На филфаке было принято, что кафедры вывешивали темы предлагаемых курсовых работ у входа на третий этаж (мы учились в старом университетском здании, Моховая, 11). Стены напротив лестницы, сами двери этажа и стены коридора за дверьми были покрыты листами бумаги с отпечатанными на машинке названиями тем. Меня, зеленого первокурсника, эти списки и страшили, и влекли – я читал в них вызов своему честолюбию.

– Витя, – сказал я, – давай пойдем на кафедру, выберем темы…

– Зачем, душа моя?

– Как зачем? Чтобы попробовать свои силы в науке, добиться результатов, завоевать уважение…

– Это тебе, душа моя, чтобы уважать себя, нужно писать курсовую, а я себя, голуба, и так уважаю.

Ни на какую кафедру мы тогда не пошли, без курсовых же, разумеется, не обошлось. Впрочем, филологом Витя не стал (это особая история), психологом же оказался неплохим. До сих пор я все что-то пишу, стараясь заслужить собственное уважение, но с переменным успехом, ибо ходить “на кафедру” так и не научился и по-прежнему обретаюсь в разного рода учреждениях класса “б”, – хотя вроде бы больше подхожу к “а”.

Против инварианта не попрешь.

Comrades Petrov and Smirnov

Лекции по грамматике нам читала О. С. Ахманова. Практические занятия по языку вели рядовые преподаватели, но в научные дебри они не пускались. Это была прерогатива Ахмановой, вдовы самого Александра Иваныча – А. И. Смирницкого. Анна Константиновна Старкова, которая вела нашу группу, говорила:

– What I teach you is how to speak English. And then Olga Sergeevna will come and give you all kinds of theories. (“Я учу вас, как говорить по-английски. А потом придет Ольга Сергеевна и обучит вас разным теориям”.)

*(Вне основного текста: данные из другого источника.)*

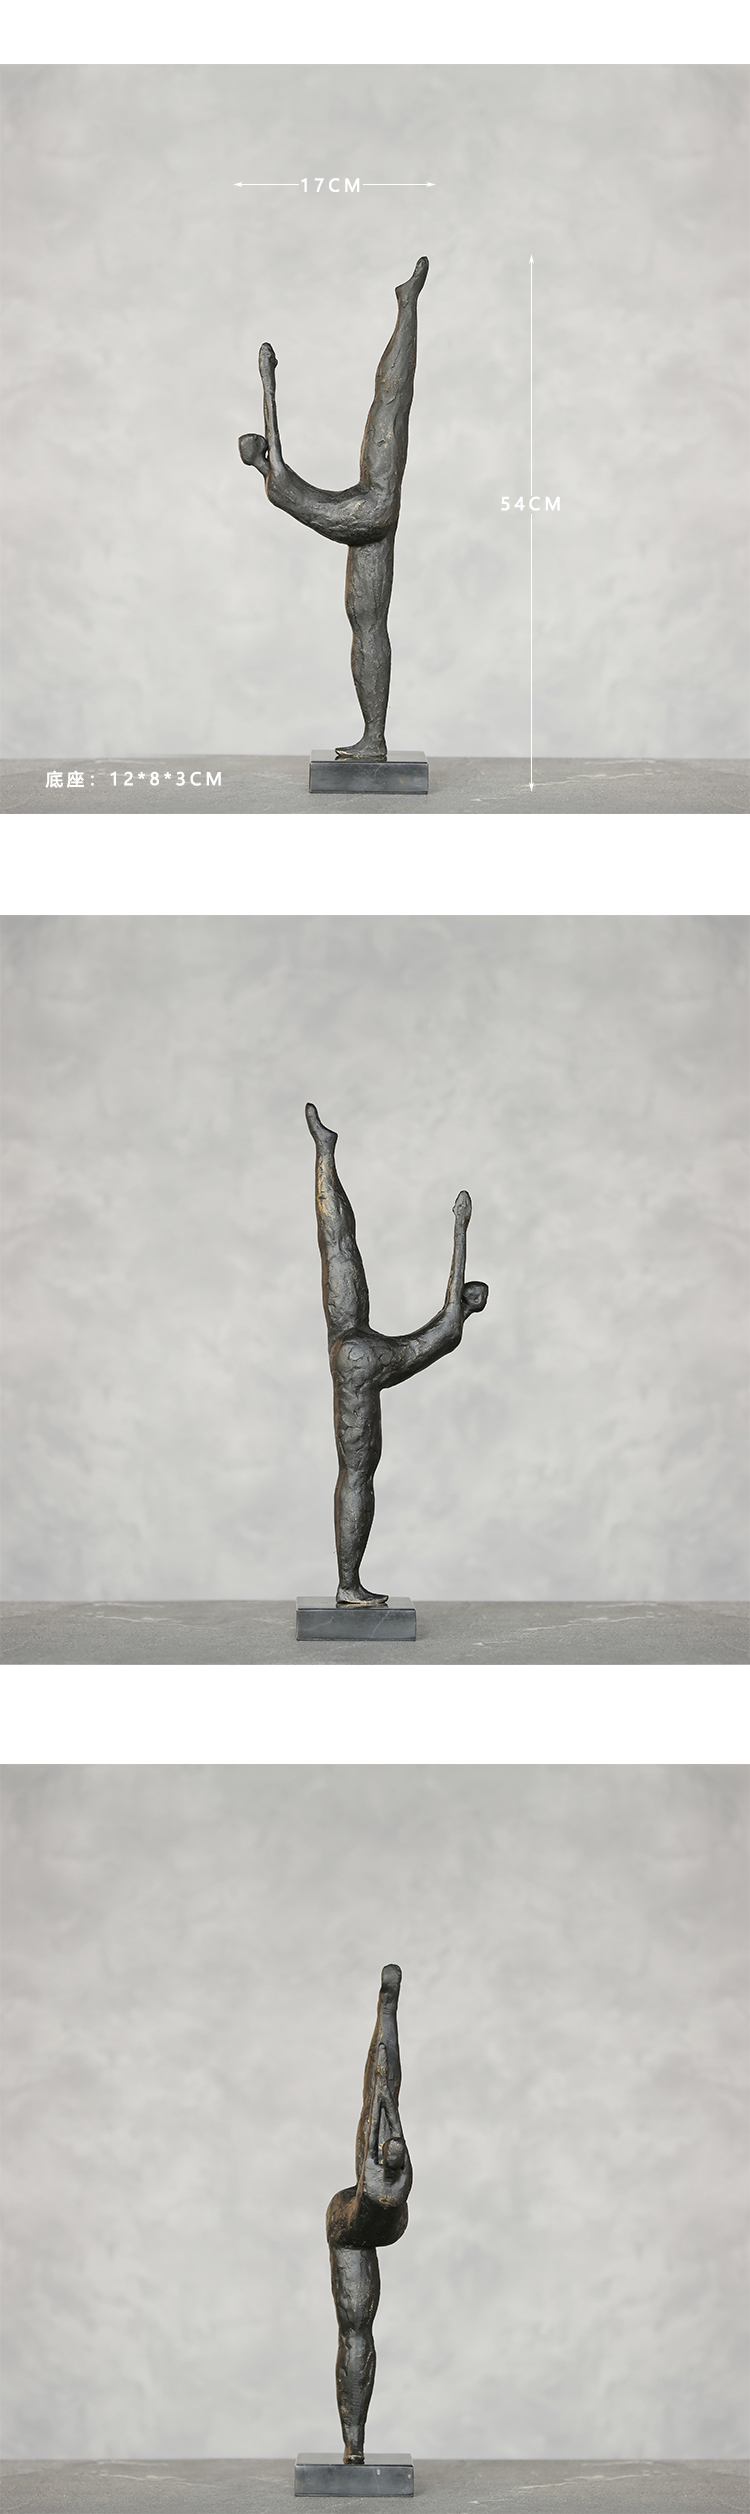 Home Decor Accessories Art Abstract Metal Figure Stand On Marble With Folded Hands Do Yoga Statue Decor Figurine Room Ornament

Ахманова говорила на изысканном литературном английском, с большим количеством слов латинского происхождения. Лекции она читала с закрытыми глазами. В ее случае эта наглядная демонстрация свободного владения материалом имела, как я узнал несколько позже, особую подоплеку: считалось, что при опущенных веках не так быстро образуются морщины в уголках глаз. Для нас же это означало возможность безнаказанно заниматься посторонними делами.